Detection of Positive Selection
Identifying candidate loci for natural selection is a central goal explored by two traditional approaches in adaptation-genomics: top-down (GWA and QTL) and bottom-up (genomic scan) approaches. With the advent of high-throughput sequencing, genomic scans became a popular approach to detect candidate target of selection. Such scans have the merit to identify candidates without the a priori expectation of a candidate gene approach (Ellegren, 2014). However, they have various limitations with false-positive issues (Mallick et al., 2009; Bierne et al., 2011), narrow signatures of balancing selection (Roux et al., 2012), and over-interpretation of outlier loci (Pavlidis et al., 2012). Here, we detail how GC-content can lead to important additional bias during genome scans for detecting natural selection.
Genome scans of positive selection often rely on methods that look for lineage-specific accelerations in the protein rate of evolution. Such accelerations are classically measured through dN/dS, which calculates the excess of amino-acid substitutions (dN: non-synonymous mutation rate per site) relative to dS, the substitution rate per site used as a proxy of the neutral clock.
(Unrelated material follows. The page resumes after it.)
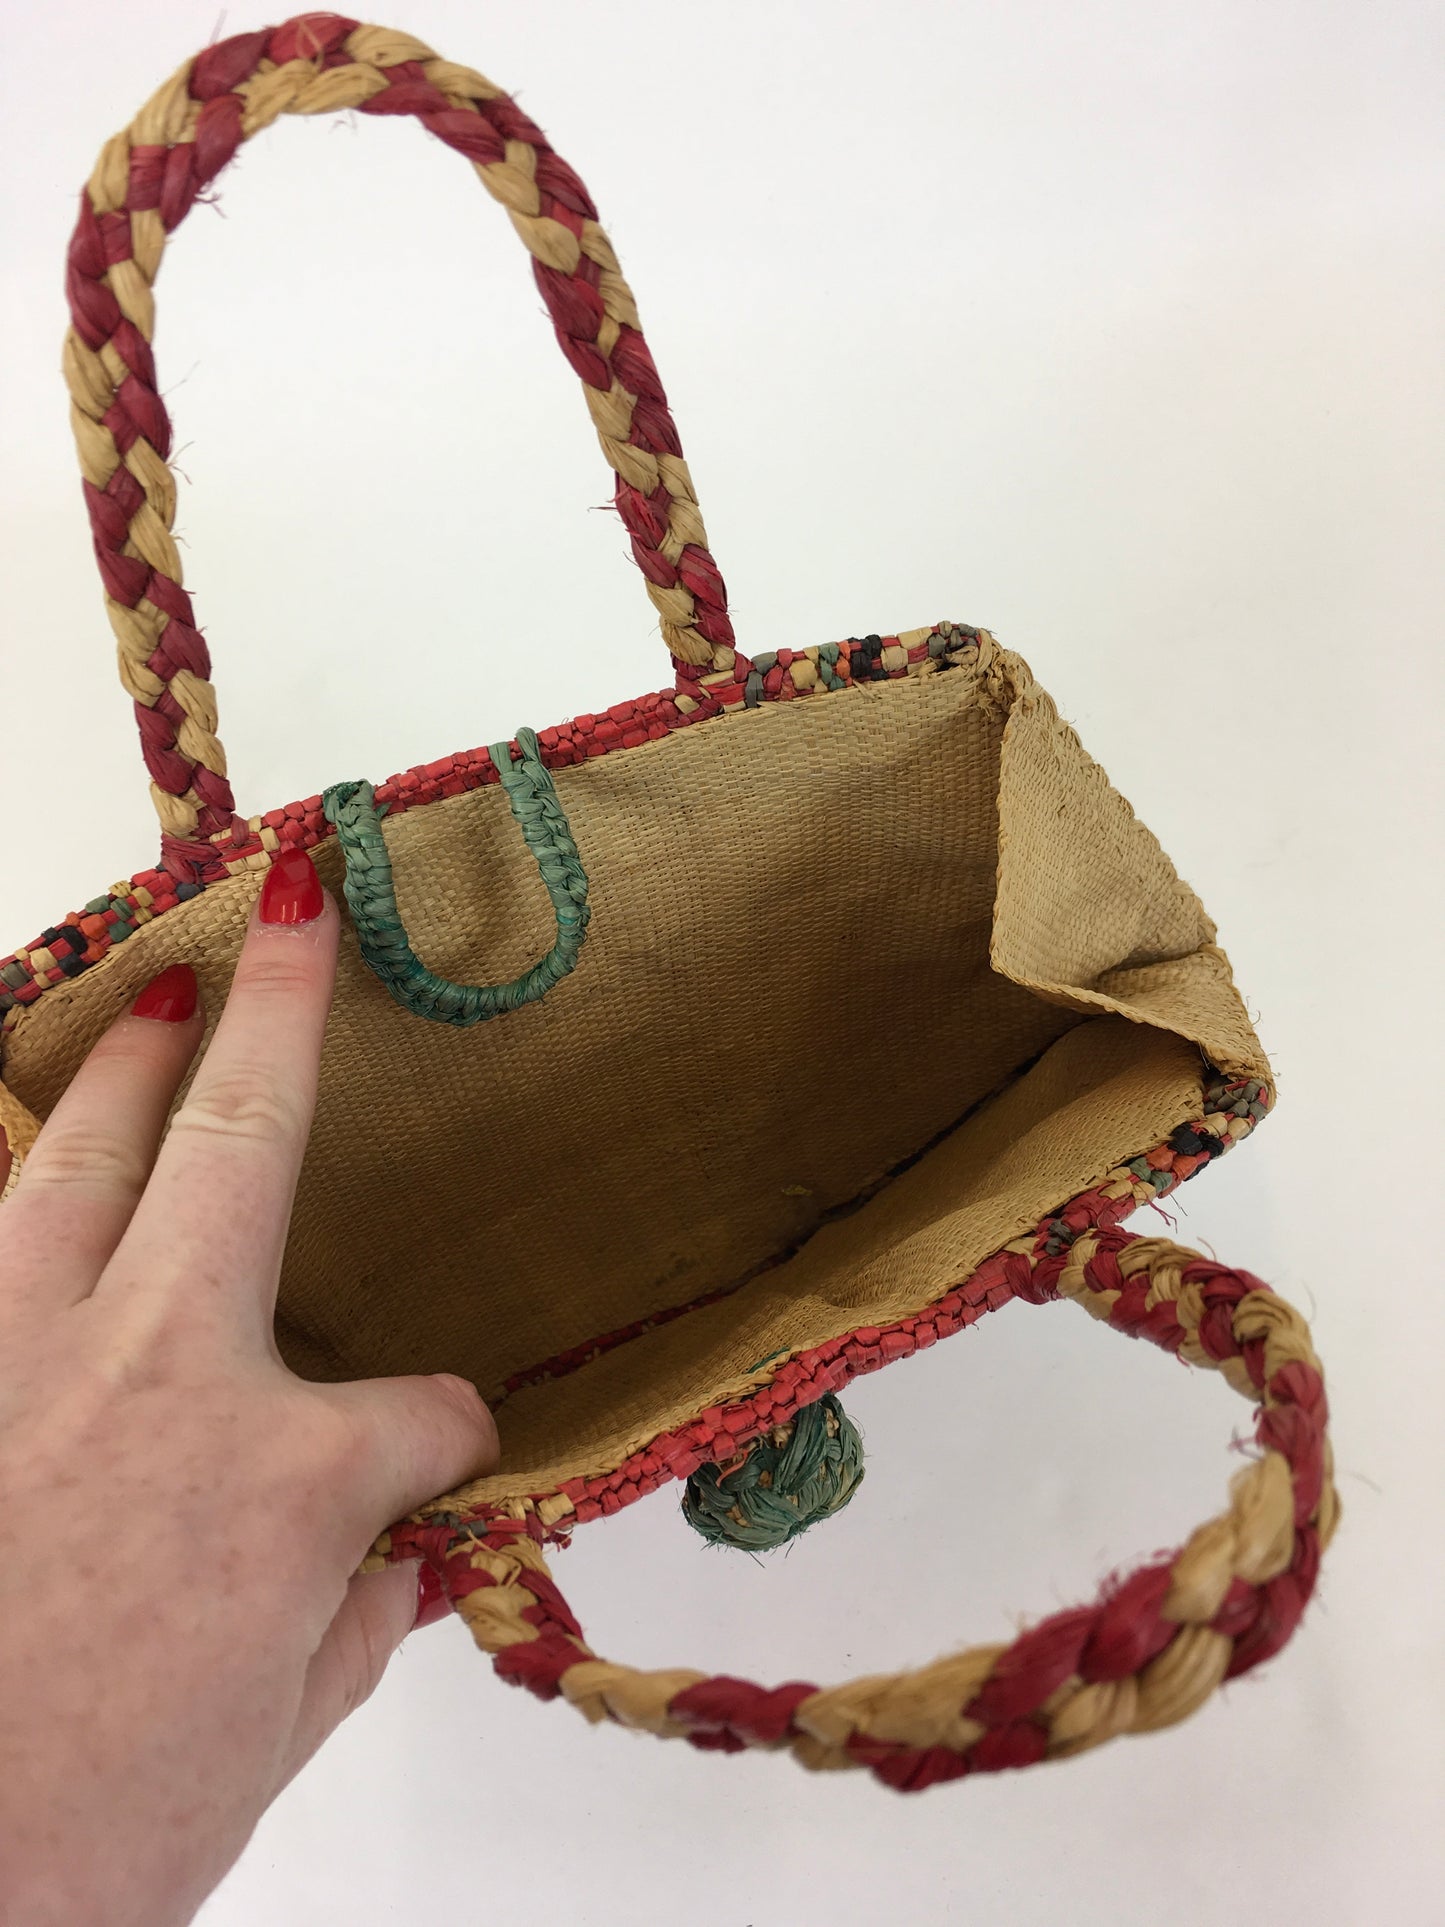 Original 1930’s/ 1940’s Raffia Straw Handbag - In Multicoloured Tones
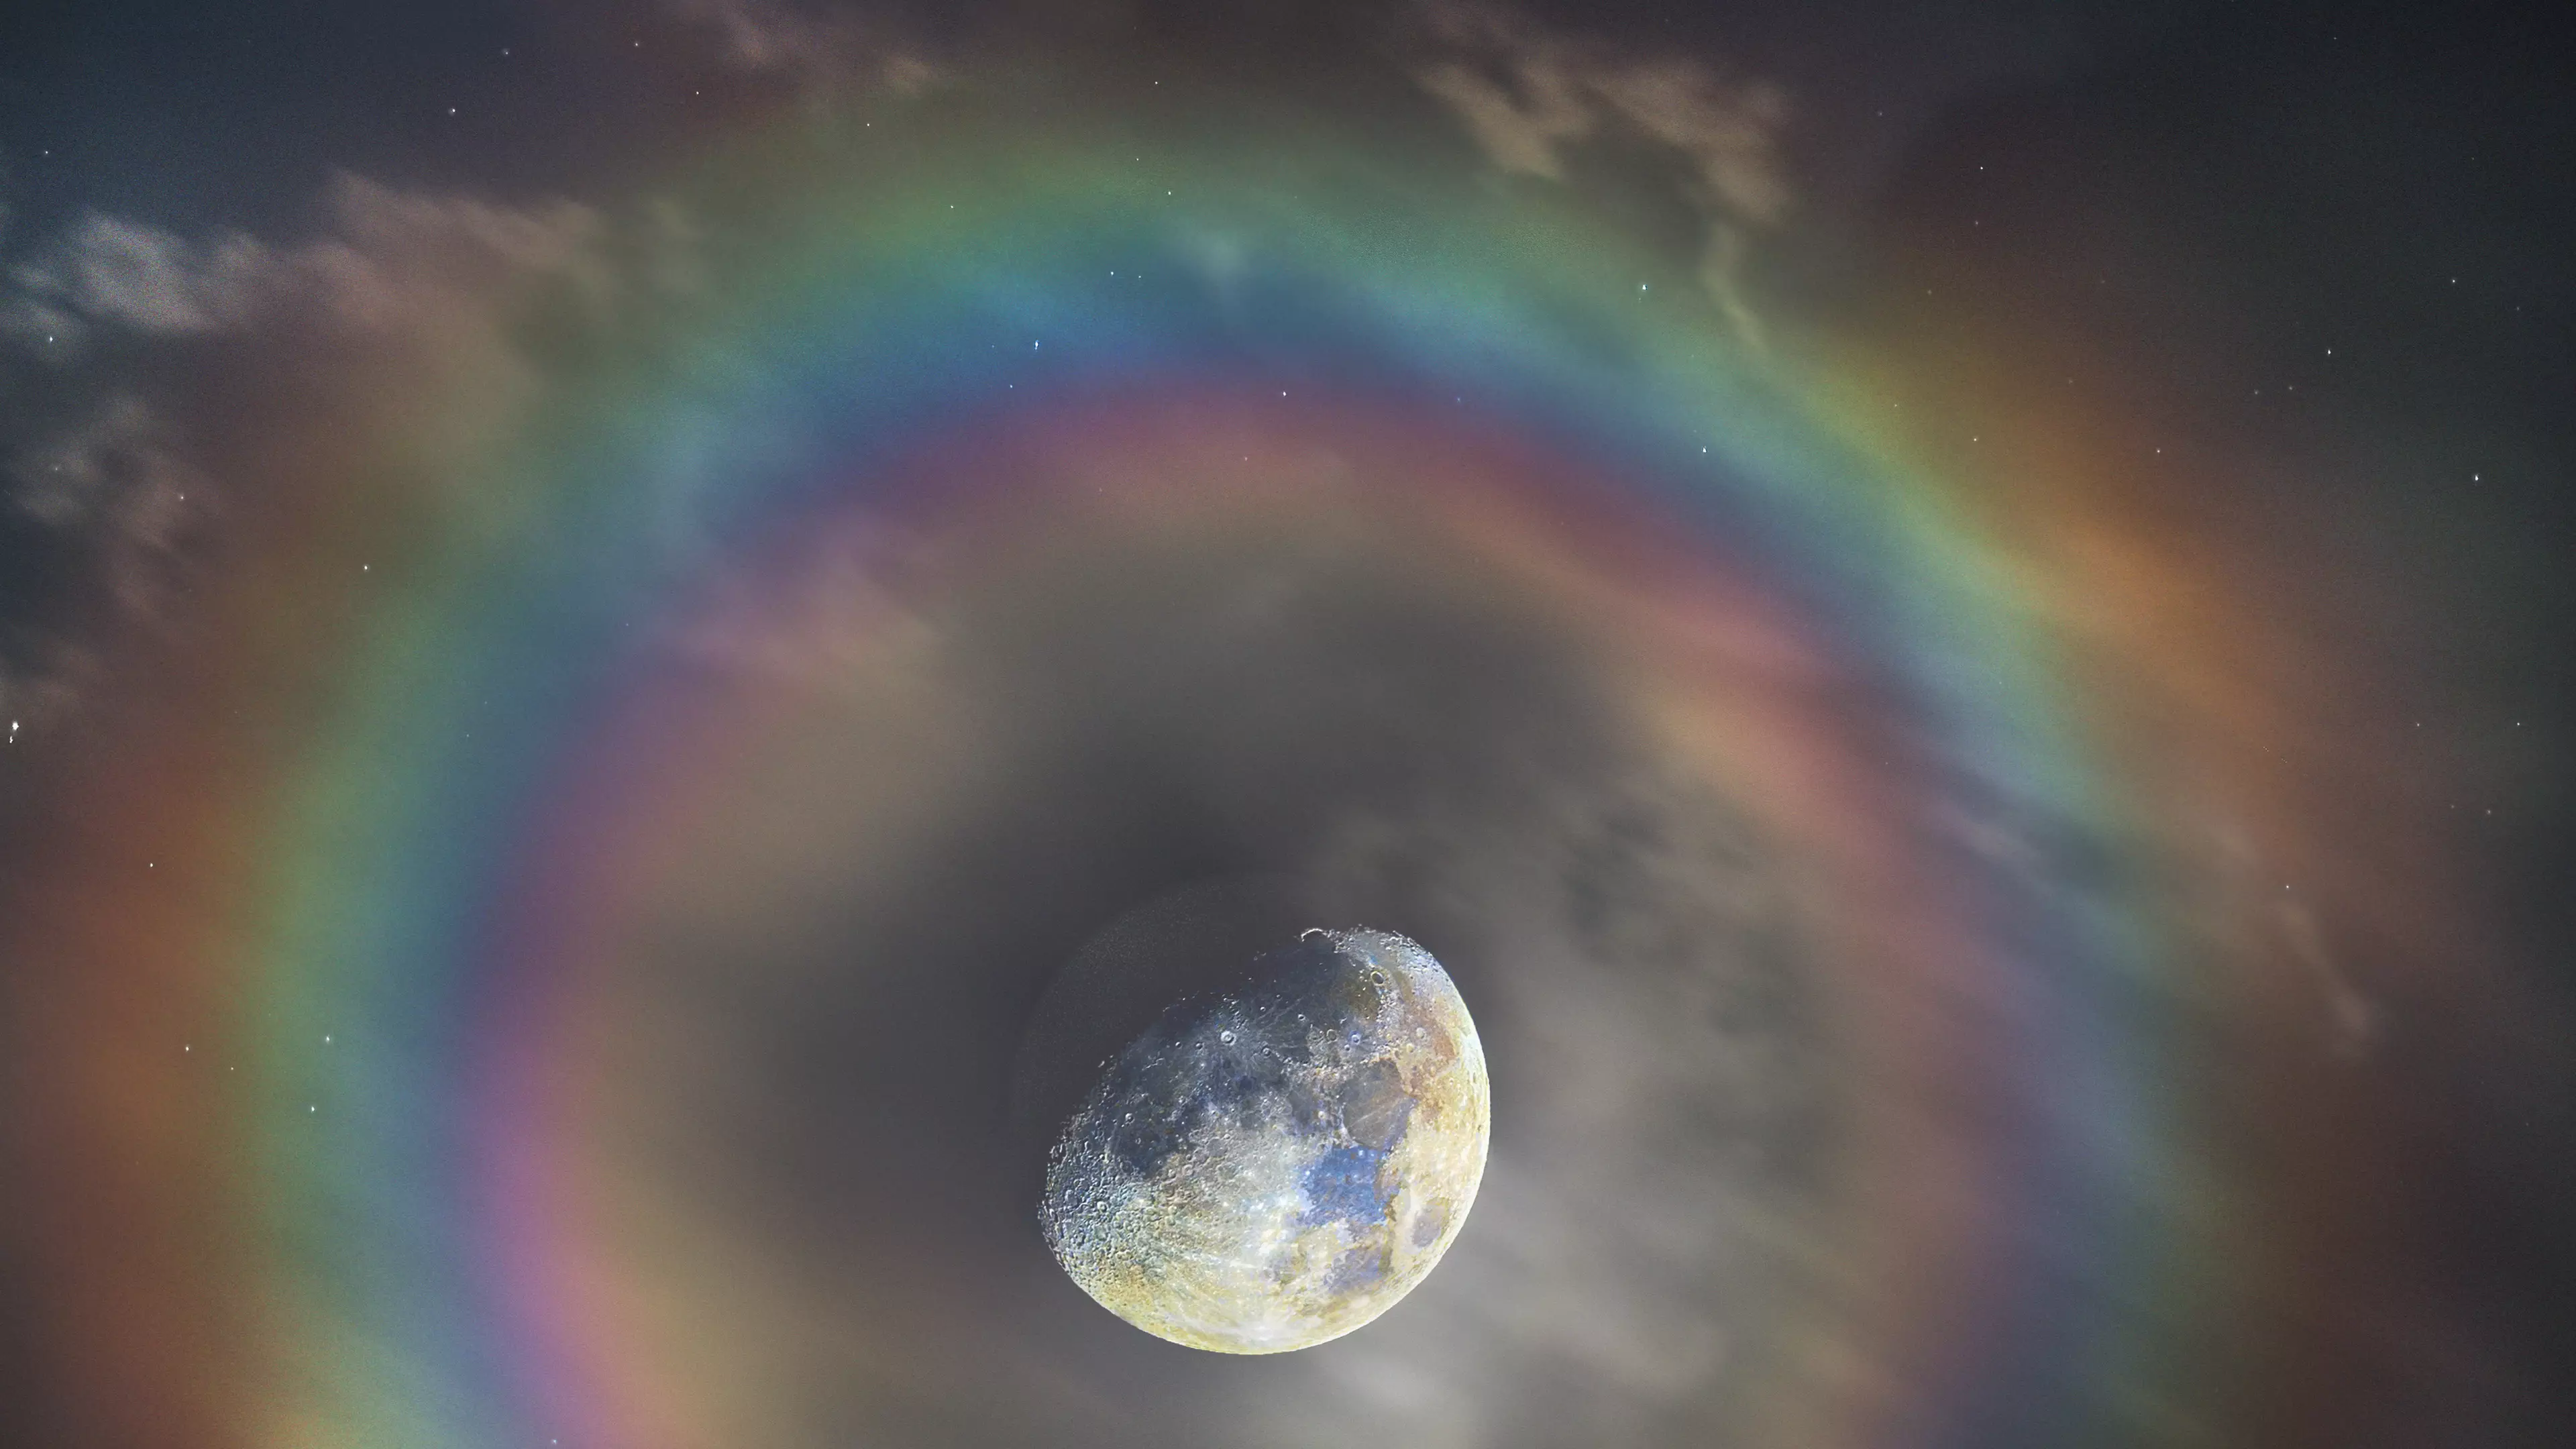 Stunning Photo Shows Moon With Celestial Rainbow

This dN/dS ratio is generally smaller than 1, reflecting the pervasiveness of purifying selection that eliminates non-synonymous mutations to preserve the protein structure. Conversely, a dN/dS ratio greater than 1 is considered as a signature of positive selection that favors the fixation of beneficial non-synonymous mutations. From a population genetics point of view, gBGC mimics positive selection by favoring the fixation of AT- > GC mutations, regardless of their beneficial or deleterious status (Nagylaki, 1983). Because GC alleles are actively selected by the repair systems of meiotic recombination, they are over-represented in the gamete pool and benefit of increased transmission to the next generation in a similar way than beneficial mutations subject to positive selection. Consequently, many accelerations of the substitution rate attributed to positive selection during genome scans are actually due to gBGC episodes (Galtier and Duret, 2007; Berglund et al., 2009; Galtier et al., 2009; Ratnakumar et al., 2010; Kostka et al., 2012). When a mutation toward GC is deleterious, gBGC can counteract positive selection and maintain or fix deleterious alleles. High fixation rates of non-synonymous mutations at a locus should thus not be systematically interpreted as being beneficial for the fitness of the individual, particularly when considering that gBGC has been proved to be able to maintain deleterious mutations associated to human diseases (Necşulea et al., 2011; Capra et al., 2013; Lachance and Tishkoff, 2014).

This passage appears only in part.